- Active: 1946 – Present
- Country: France
- Branch: French Army
- Type: Training
- Role: Infantry Training
- Garrison/HQ: Draguignan

= École de l'infanterie =

The École de l'infanterie (English: "Infantry School"), formerly known as École d'application de l'infanterie, is a French military academy that trains commissioned officers, non-commissioned officers, and some enlisted personnel having special aptitudes and roles. It is located in Draguignan.

The École de l'infanterie offers over 70 different courses (either generalist, specialist or adaptation) to around 1500 trainees yearly. Five hundred additional trainees from foreign armies or from French ministries other than that of Defence, attend annual courses there.,

==History==
The École d'application de l'infanterie was created on 30 January 1946 in Auvours, as a post-graduate course for young officers freshly graduated from Saint-Cyr.
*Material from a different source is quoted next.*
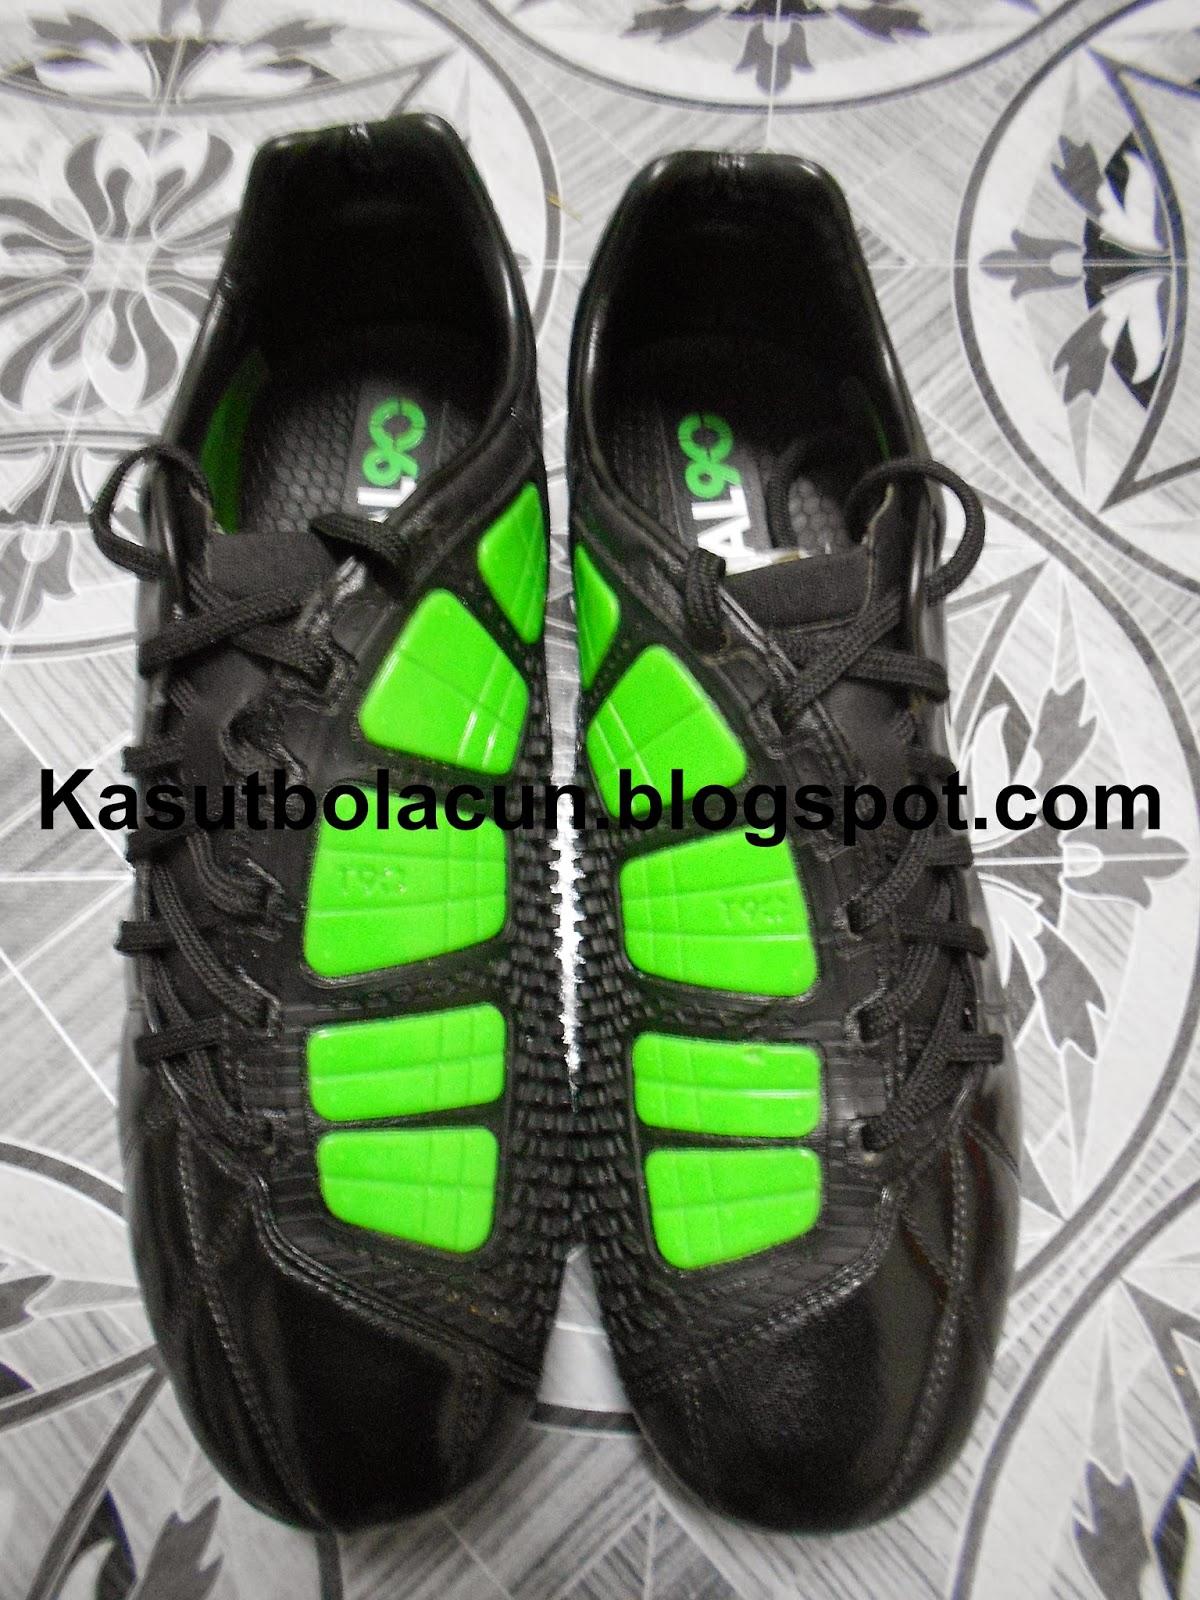 Nike Total 90 Laser 3 FG ELITE SERIES CARBON FIBER SOLEPLATE

On 15 October 1948, the school was moved to Coëtquidan, next to Saint-Cyr itself. In October 1951, it was moved again to Saint-Maixent-l'École, and opened to non-commissioned officer promoting to officer, to élèves-officiers de réserve, and to non-commissioned officers in active service.

On 15 January 1955, a new unit was created specifically to train serving army captains and majors, as well as promotable reserve officers.
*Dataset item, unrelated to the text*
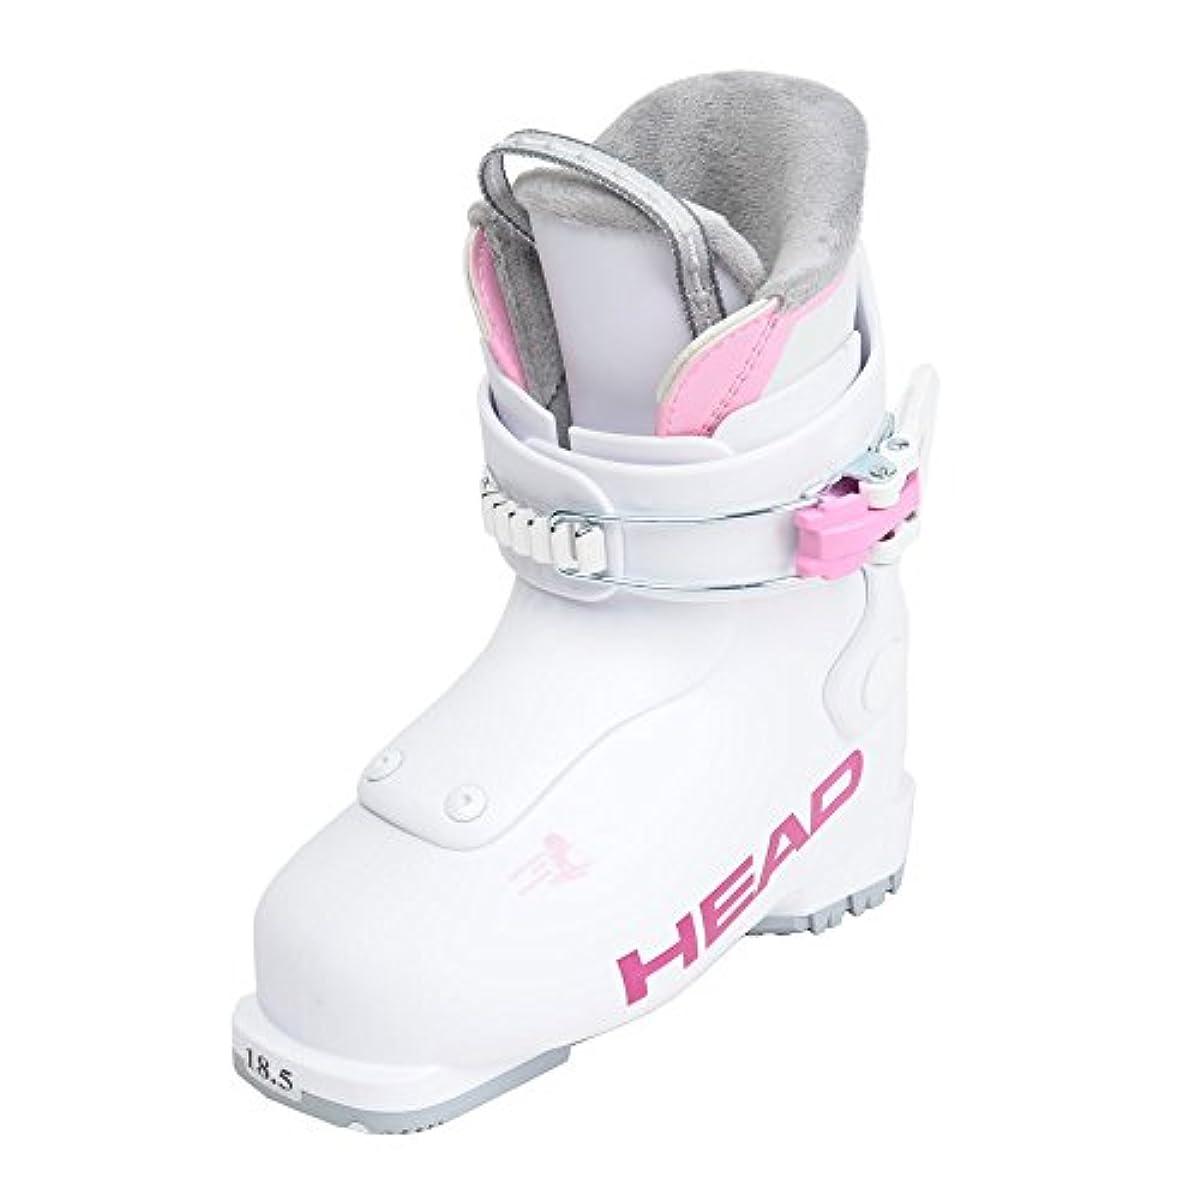 [해외] HEAD헤드【606556】16-17 쥬니어 스키화 Z1 보이의 걸즈

On 1 August 1967, the school was moved again to Montpellier, and integrated with the École militaire d'infanterie (Infantry military school). In 1969, it also absorbed the Centre de perfectionnement des cadres de l'infanterie (Infantry leaders finalization centre), and later the Centre d'instruction spécialisé du tir et du combat de nuit (Night fire and combat instruction specialised Centre).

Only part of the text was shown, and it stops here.